- **What you need to do**
Your task is to retype, exactly and only, the lines from the one containing "大阪市北区の行政情報などを発信する新コーナー" to the final line of the entries, leaving out all pictures.

- **Records provided**
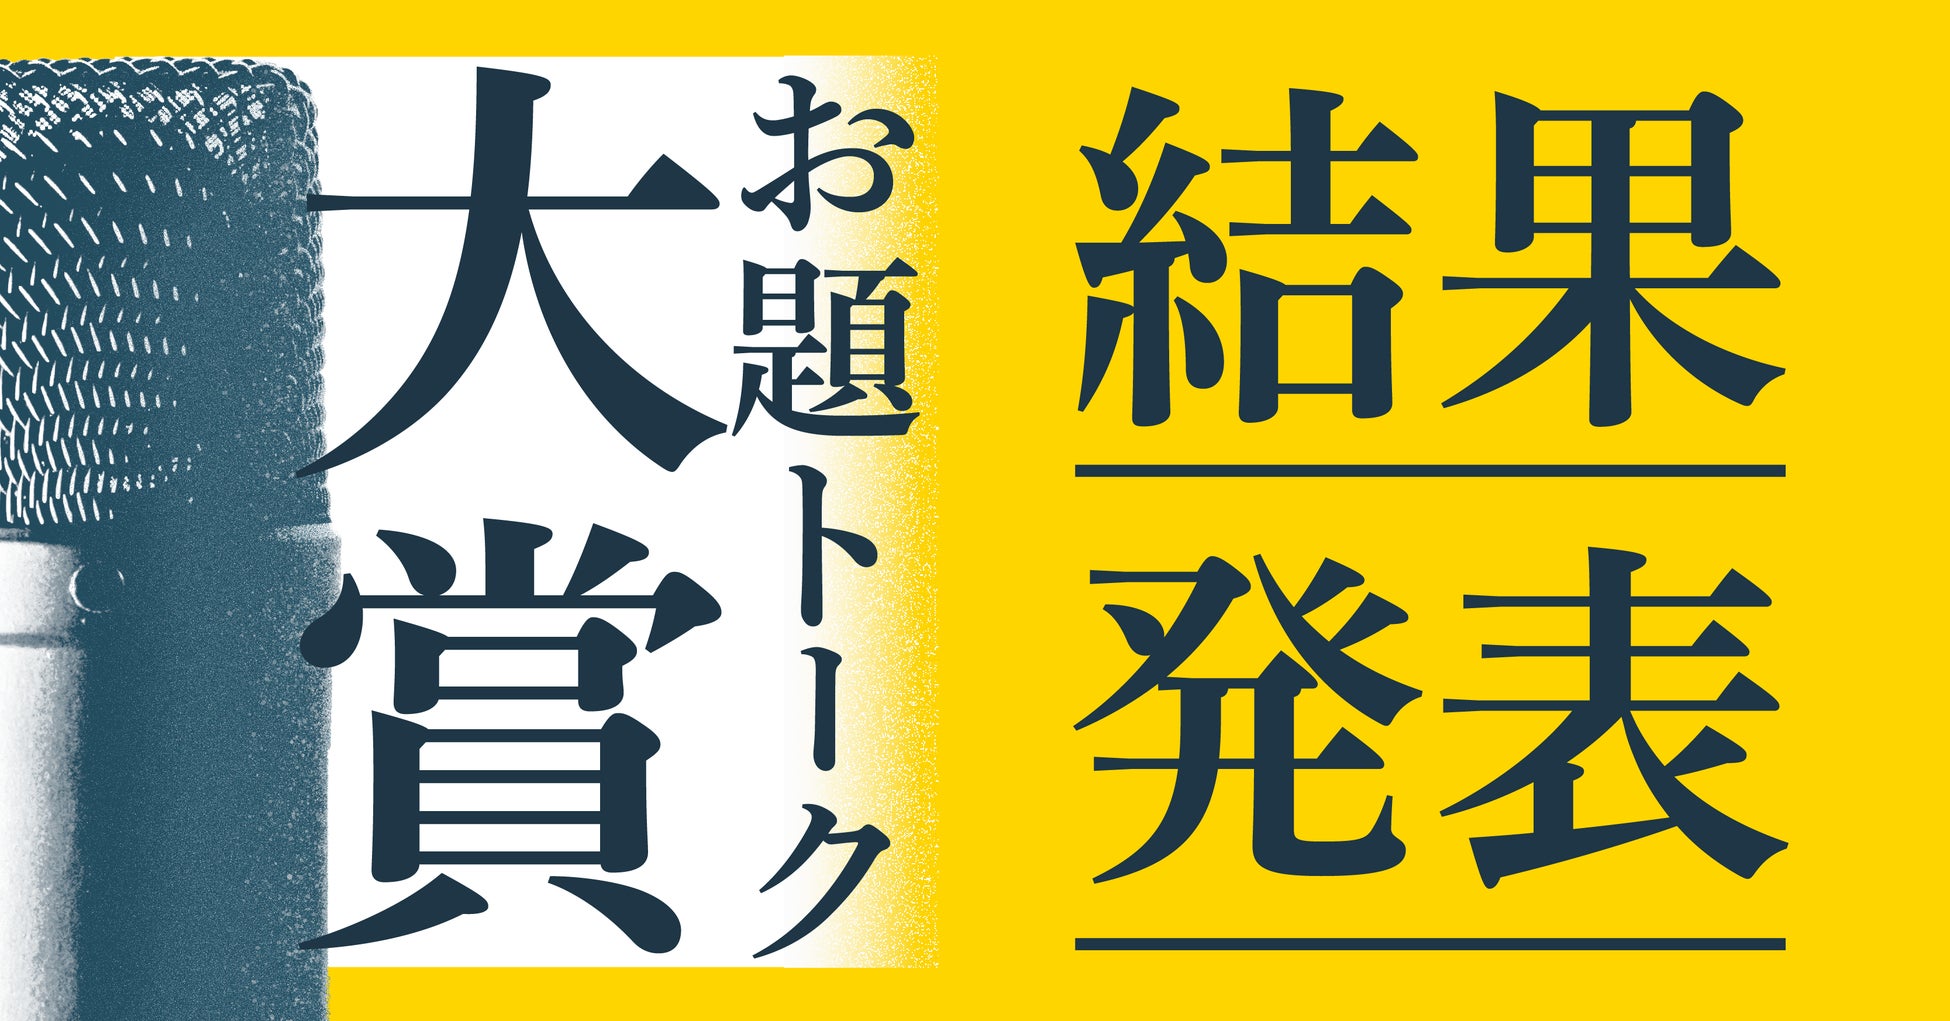 ウメダFM Be Happy！789が大阪市北区役所と連携協定を締結
大阪市北区の行政情報などを発信する新コーナー
～《北区TOPICS「わがまち北区」》を
2022年4月4日（月）から放送開始します～
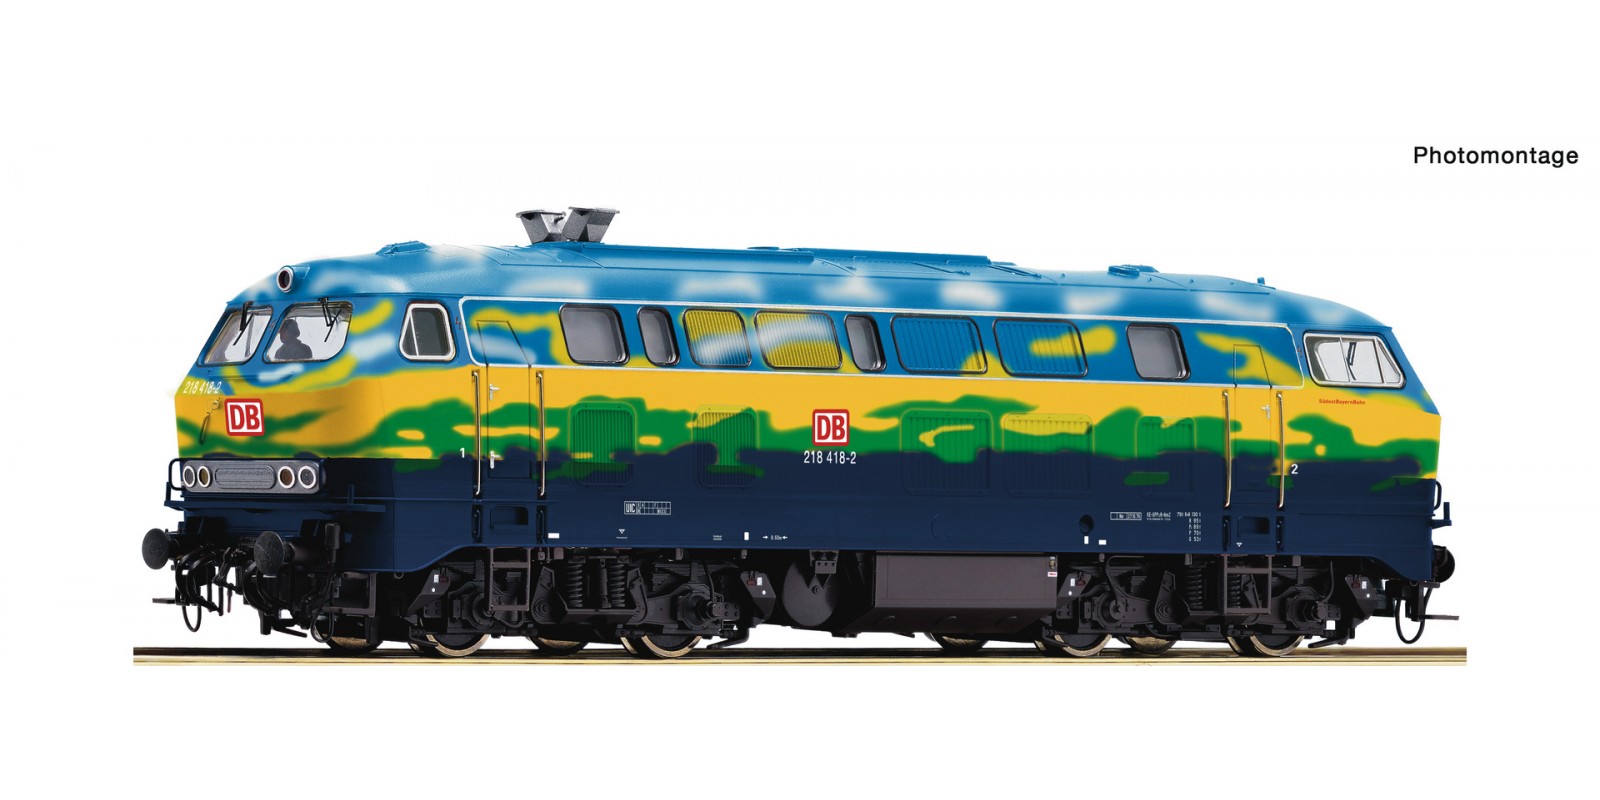 RO78758 Diesel locomotive 218 418-2
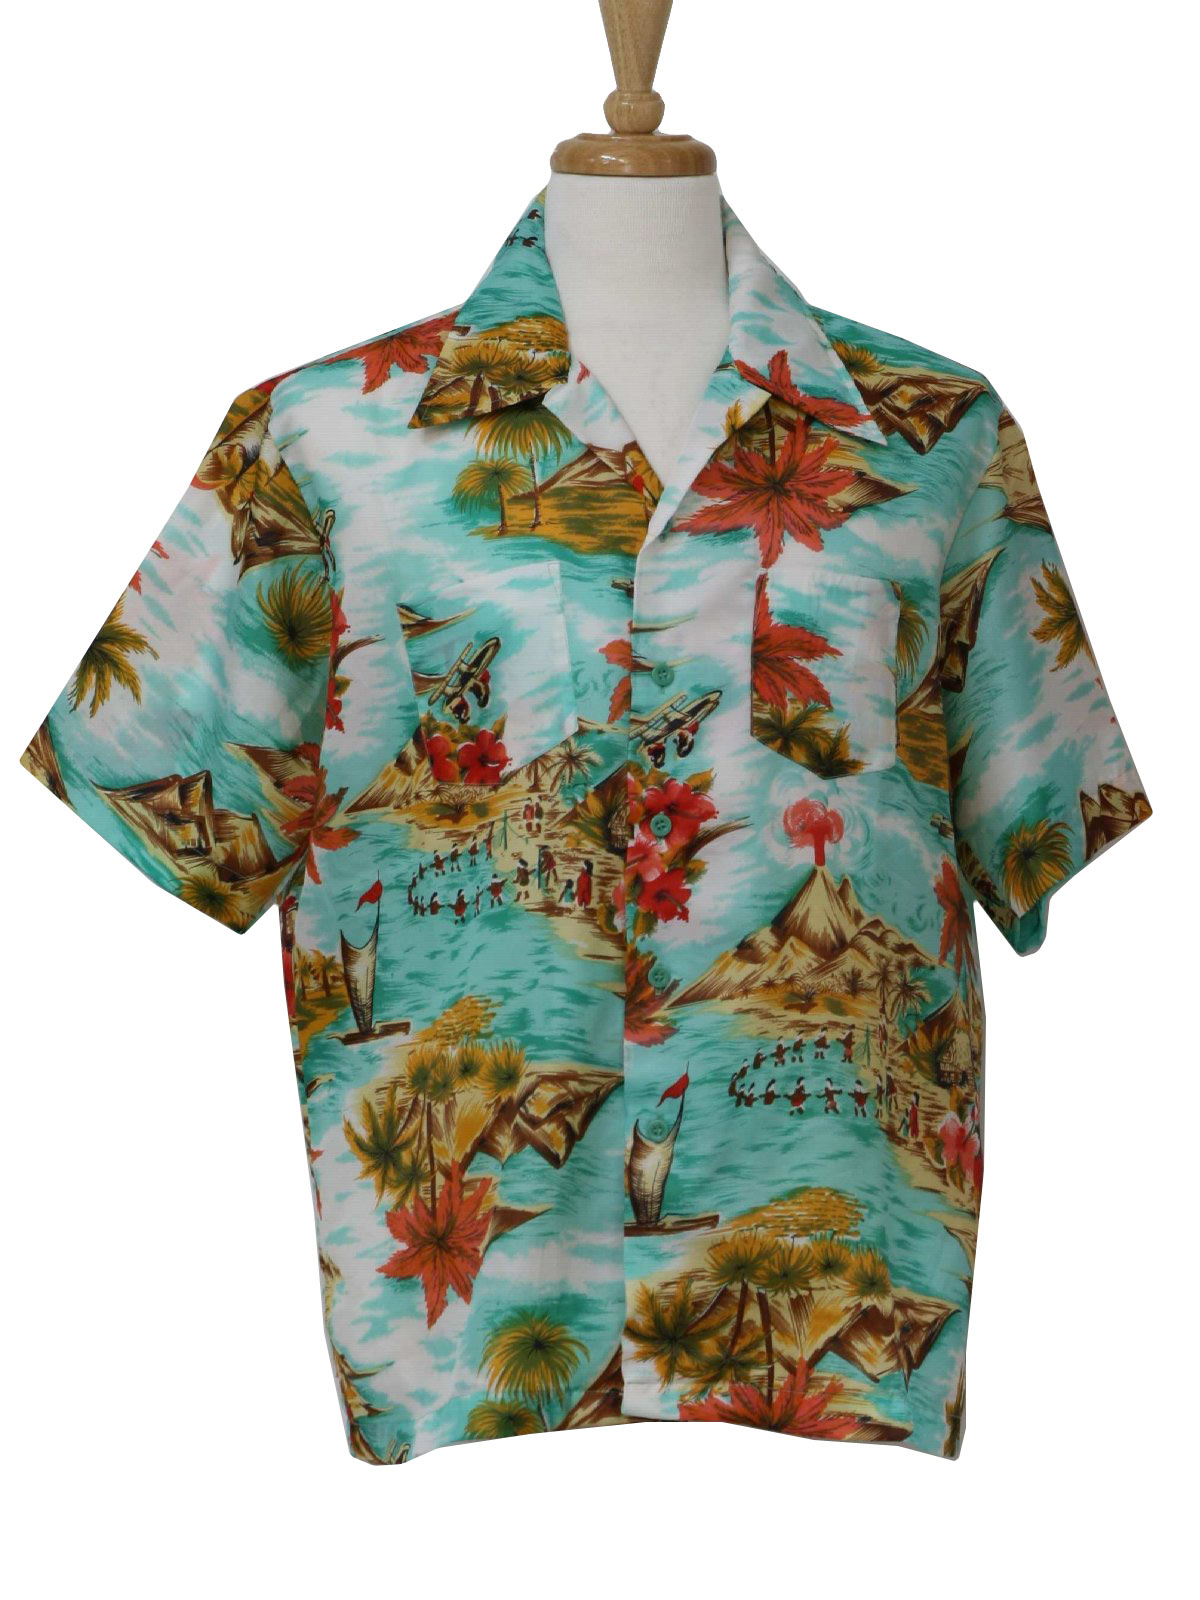 Retro 70s Hawaiian Shirt (Carlton Hill) : 70s -Carlton Hill- Mens white ...

- **Solution for this problem**
大阪市北区の行政情報などを発信する新コーナー
～《北区TOPICS「わがまち北区」》を
2022年4月4日（月）から放送開始します～
 RO78758 Diesel locomotive 218 418-2
 Retro 70s Hawaiian Shirt (Carlton Hill) : 70s -Carlton Hill- Mens white ...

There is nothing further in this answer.